The characterization of SlbHLH59.
(A) The transcript levels of SlbHLH59 indifferent tomato organs: R, root; S, stem; L, leaf; FL, flower; IMG, immature fruit; MG, mature green fruit; BR, breaker stage fruit; YR, yellow stage fruit; RR, red ripe stage fruit. TS-186 is a low-AsA accession; and TS-265 is a high-AsA accession. (B, C) Subcellular co-localization of transiently expressed SlbHLH59SNP9A-YFP (B) and SlbHLH59SNP9G-YFP (C) fusion protein with a nuclear marker (ERF) in N. benthamiana leaves. Bars = 50 μm. (D-F) Phenotype comparisons of SlbHLH59-OE and wild-type plants after methyl viologen (MV) treatment. The SlbHLH59-OE transgenic plants had less yellow lesion (D, E) and H2O2 accumulation (F) than WT after MV treatment. Bar = 10 cm (D), 5cm (E) and 2cm (F).
Fig 5.
Identification of SlPMM, SlGMP2 and SlGMP3 as direct targets of SlbHLH59.
(A, B) Relative expression of ascorbate (AsA) biosynthesis, recycling and oxidation-related genes in fruits of SlbHLH59 overexpression (A) and RNAi (B) lines. (C) The promoter cis-elements of SlPMM, SlGMP2 and SlGMP3. The sequences in black boxes represent E-box cis-elements. (D) Yeast-one hybrid (Y1H) assay of SlbHLH59 binding to promoter fragments of SlPMM, SlGMP2 and SlGMP3. The bait vectors SlPMMpro, SlGMP2pro and SlGMP3pro (the fragments containing the region 3000 bpupstream from initiation codon) and the prey vector containing SlbHLH59 were introduced into yeast strain Y187, and interaction between bait and prey enhanced ABA resistance. Yeast cells spread on SD-Leu media with various concentrations of ABA (0, 10, 15, and 20 mM). The bait vector (SlPMMpro, SlGMP2pro and SlGMP3pro) + pGADT7 were also transformed into Y187 as a negative control. (E) Binding of SlbHLH59 to promoters of SlPMM, SlGMP2 and SlGMP3 assayed by dual luciferase system. The SlbHLH59 ORF was cloned into the effector vector (pGreen II62-SK) and promoter fragments of SlPMM, SlGMP2 and SlGMP3 were inserted into the reporter vector (pGreen II 0800 LUC). Both vectors of effectors and reporters were transformed into Agrobacterium cells and used to infiltrate tobacco leaves. LUC, firefly luciferase activity; RLU, Renilla luciferase activity; PG, the empty vector of pGreenII 62-SK. The promoters of SlPMM, SlGMP2 and SlGMP3 plus PG were used as control. (F-J) Dynamics of ascorbate content and SlbHLH59 expression during tomato fruit development. Ascorbate (AsA) concentration (F) and expression of SlbHLH59 (G), SlPMM (H), SlGMP2 (I), SlGMP3 (J) at different fruit developmental stages of wild-type (TS-186) and SlbHLH59 transgenic lines. Experiments were performed in immature (IMG), mature green (MG), breaker (BR), yellow ripe (YR) and red ripe (RR) fruit, respectively, with three replicates. All data in the graphs are presented as means ± SE. Asterisks indicate significant differences by t test: *P < 0.05; ** P< 0.01.
Fig 6.
Nucleotide diversity analysis of TFA9 loci during tomato domestication and improvement.

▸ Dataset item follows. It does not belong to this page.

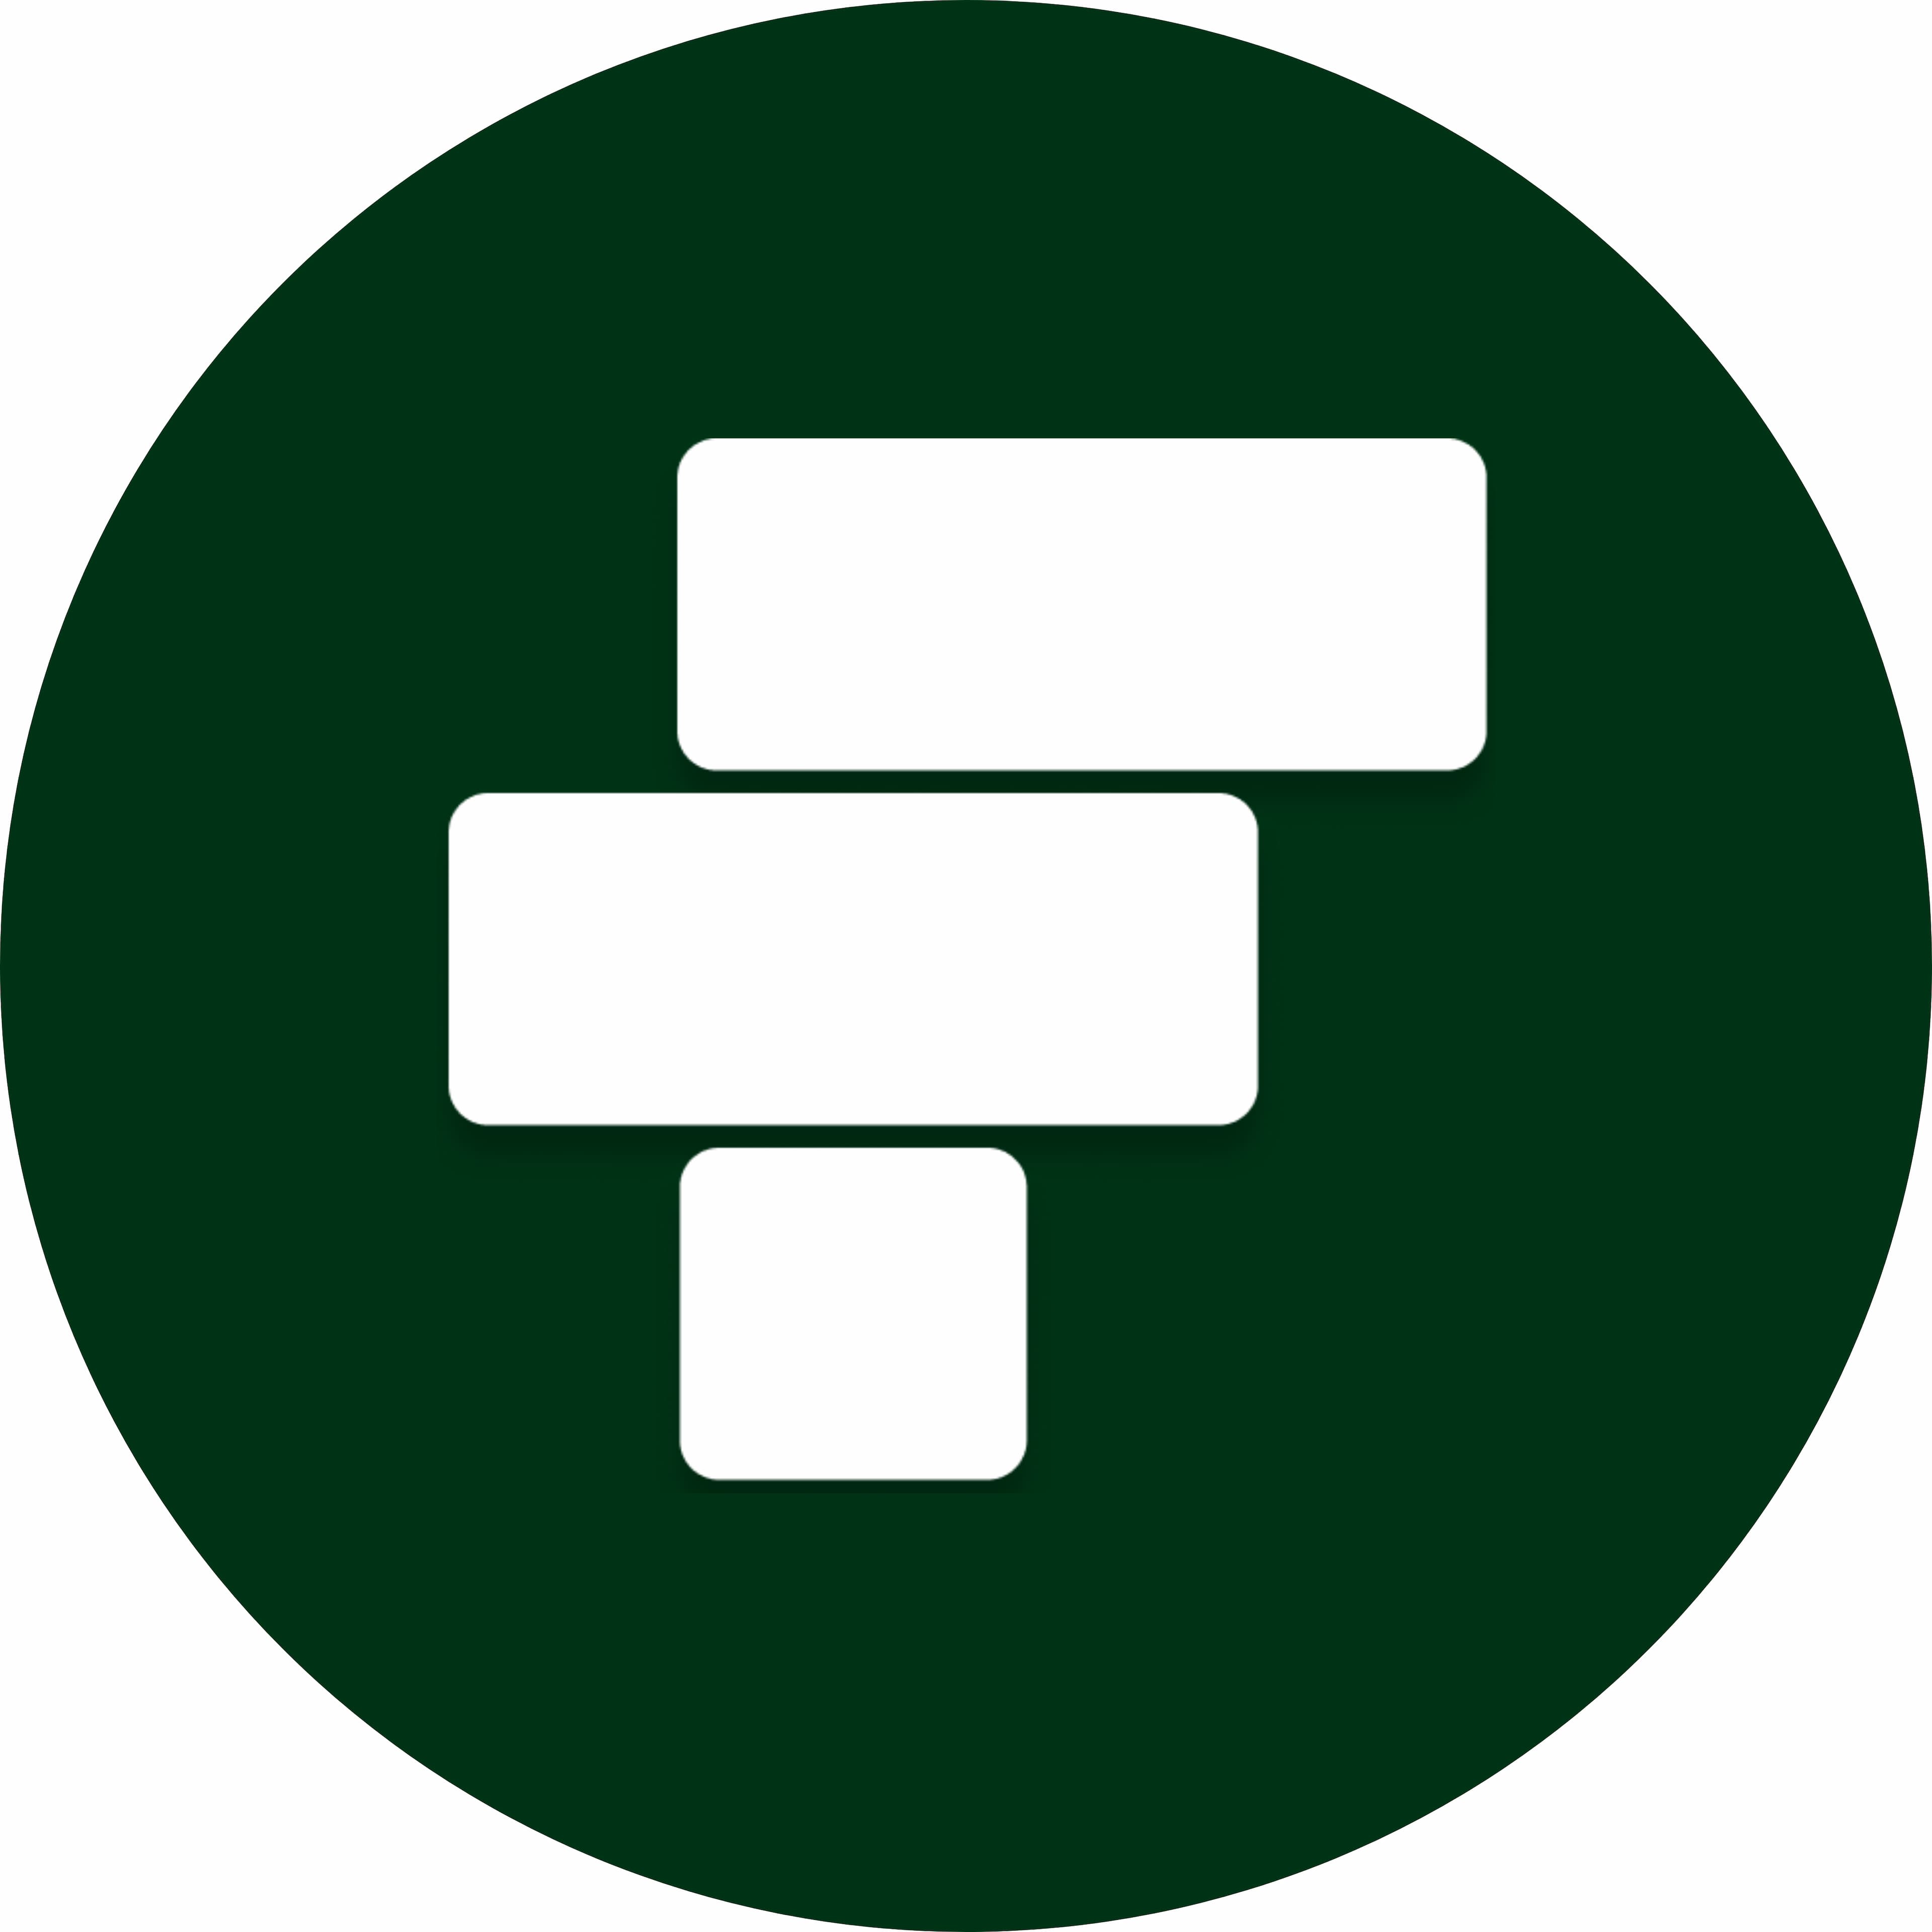 FactoryPlus's logo

(A) Frequency of derived and ancestral InDel_8 allele in tomato subpopulations. n = number of accessions. (B) Comparison of ascorbate content of Hap 1 accession TS-186 and six Hap 4 accessions in BIG subgroup. The data are presented as means ± SE (n = 3). The asterisks represented significant differences from TS-186 (Hap 1), as indicated by the t-test (** P< 0.01). (C) Distribution of nucleotide diversity (π) of the PIM (red line), CER (purple line), and BIG (blue line) within the 10-kb region of TFA9. Grey lines indicate the locations of indel_8 (TCTCTTTC/-). The X-axis denotes the position of SlbHLH59 and the Y-axis indicates average p values. (D) The ratio of nucleotide diversity (π) is calculated from the SlbHLH59 sequence of PIM with CER (red line) and CER with BIG (blue line). In total, 331 tomato accessions were used for analysis, including 53 PIM accessions, 112 CER accessions, and 166 BIG accessions.